EcoSphere: A Decision-Support Tool for Automated Carbon Emission and Cost Optimization in Sustainable Urban Development
- URL: http://arxiv.org/abs/2505.09054v1
- Date: Wed, 14 May 2025 01:19:44 GMT
- Title: EcoSphere: A Decision-Support Tool for Automated Carbon Emission and Cost Optimization in Sustainable Urban Development
- Authors: Siavash Ghorbany, Ming Hu, Siyuan Yao, Matthew Sisk, Chaoli Wang,
- Abstract summary: The construction industry is a major contributor to global greenhouse gas emissions.<n>This study develops EcoSphere, an innovative software designed to evaluate and balance embodied and operational carbon emissions with construction and environmental costs in urban planning.

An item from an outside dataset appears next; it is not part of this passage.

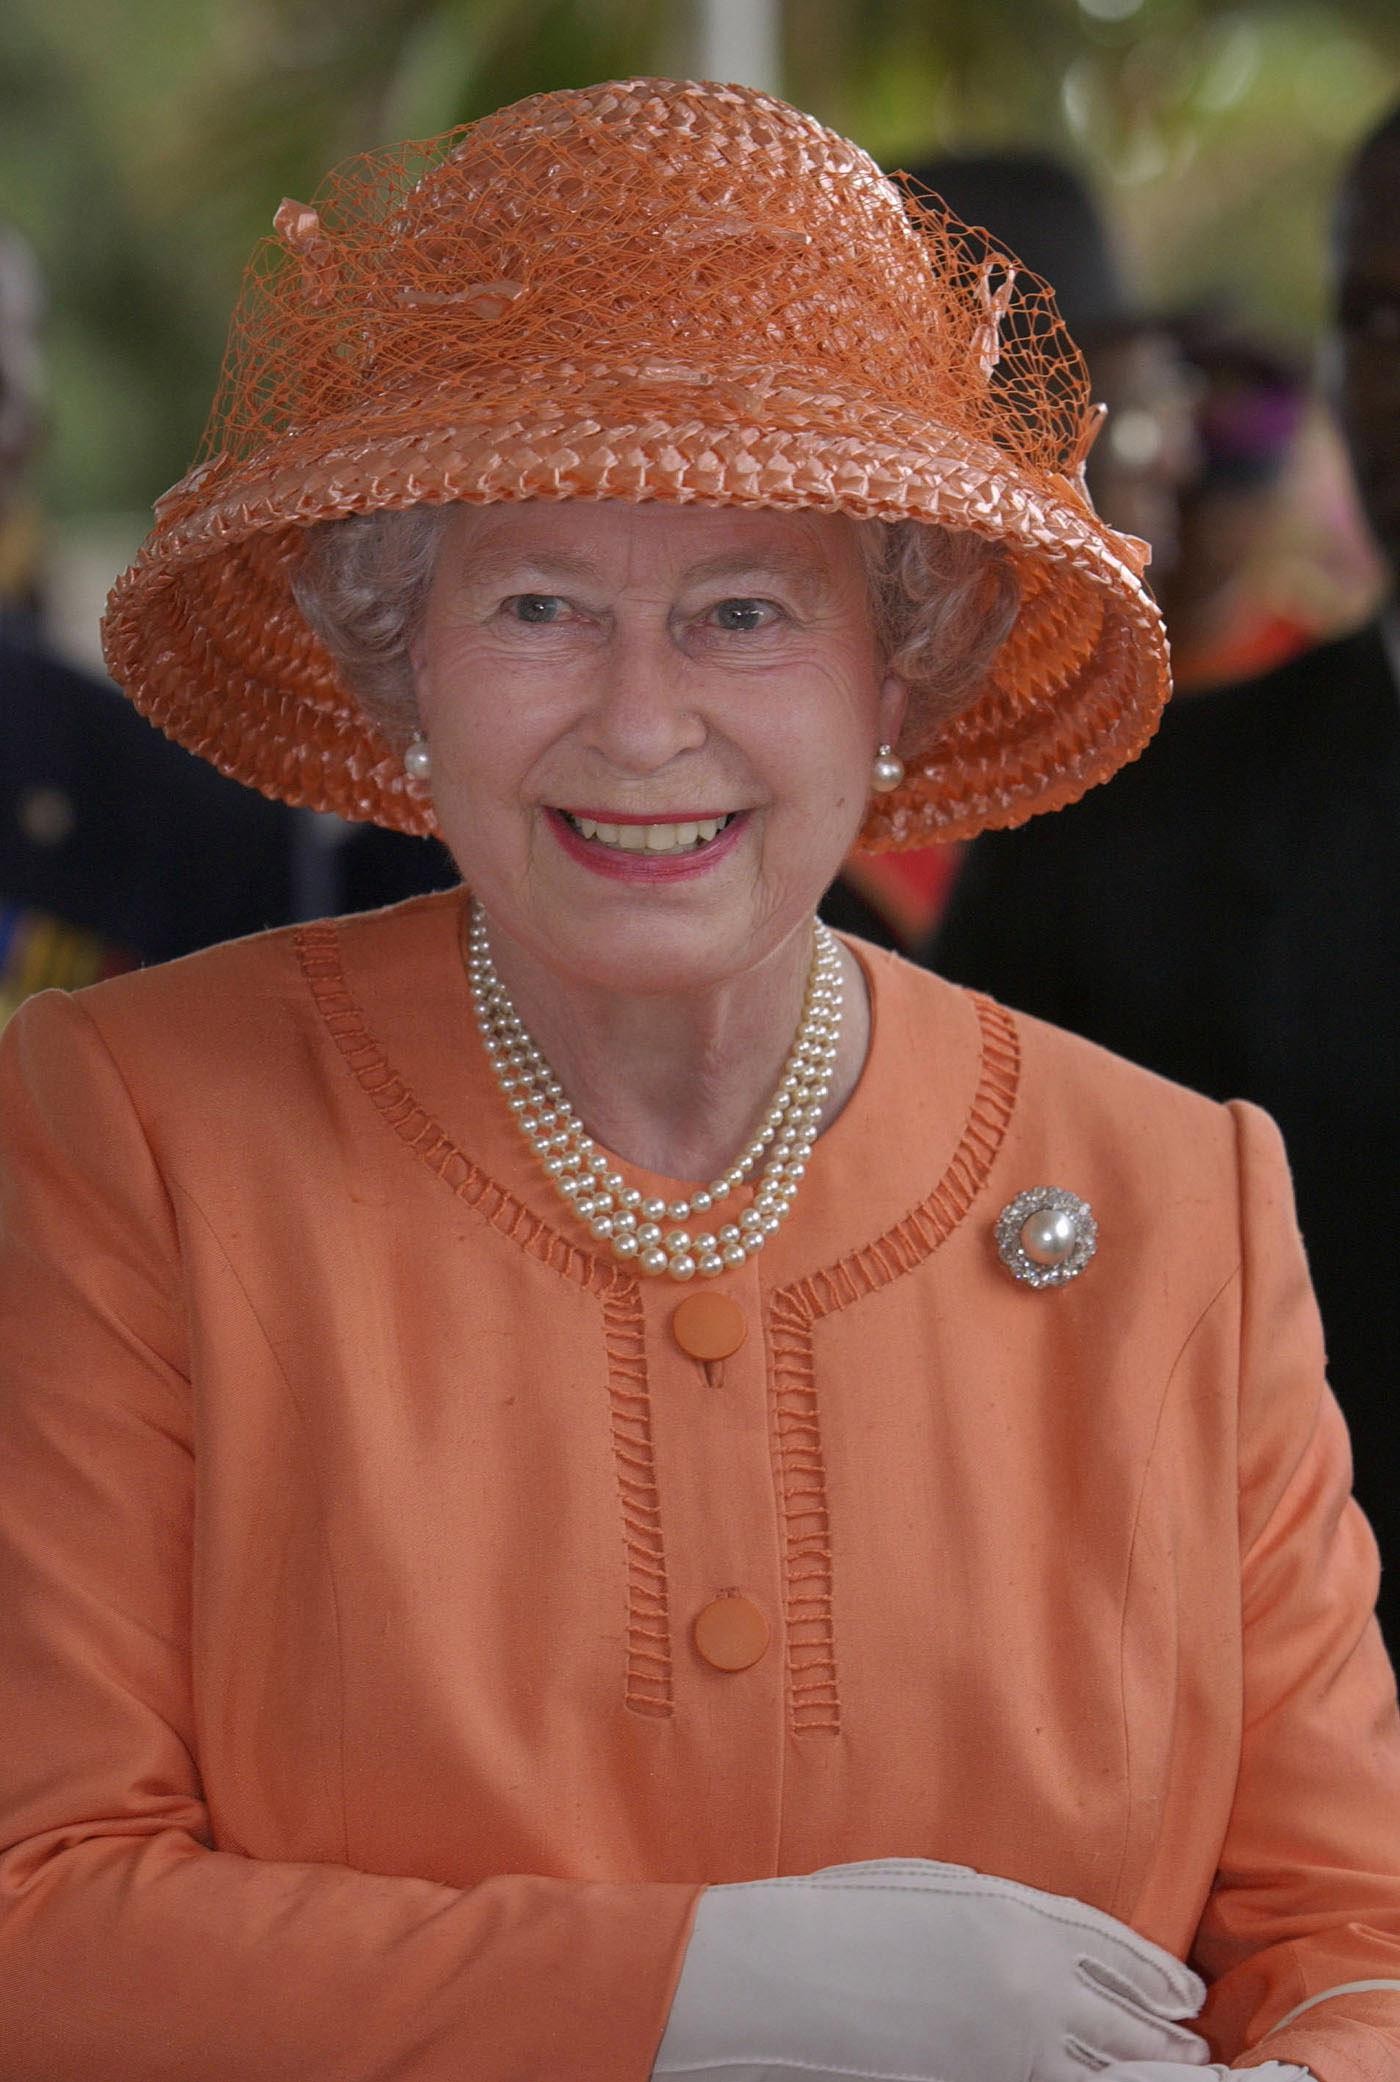 Elizabeth II na chegada a Kingston, Jamaica, em fevereiro de 2002. Era o início do tour do Jubileu de Ouro, que comemorou 50 anos de sua ascensão ao trono britânico — Foto: FIONA HANSON/AP

- Score: 9.158211761410444
- License: http://creativecommons.org/licenses/by-nc-sa/4.0/
- Abstract: The construction industry is a major contributor to global greenhouse gas emissions, with embodied carbon being a key component. This study develops EcoSphere, an innovative software designed to evaluate and balance embodied and operational carbon emissions with construction and environmental costs in urban planning. Using high-resolution data from the National Structure Inventory, combined with computer vision and natural language processing applied to Google Street View and satellite imagery, EcoSphere categorizes buildings by structural and material characteristics with a bottom-up approach, creating a baseline emissions dataset. By simulating policy scenarios and mitigation strategies, EcoSphere provides policymakers and non-experts with actionable insights for sustainable development in cities and provide them with a vision of the environmental and financial results of their decisions. Case studies in Chicago and Indianapolis showcase how EcoSphere aids in assessing policy impacts on carbon emissions and costs, supporting data-driven progress toward carbon neutrality.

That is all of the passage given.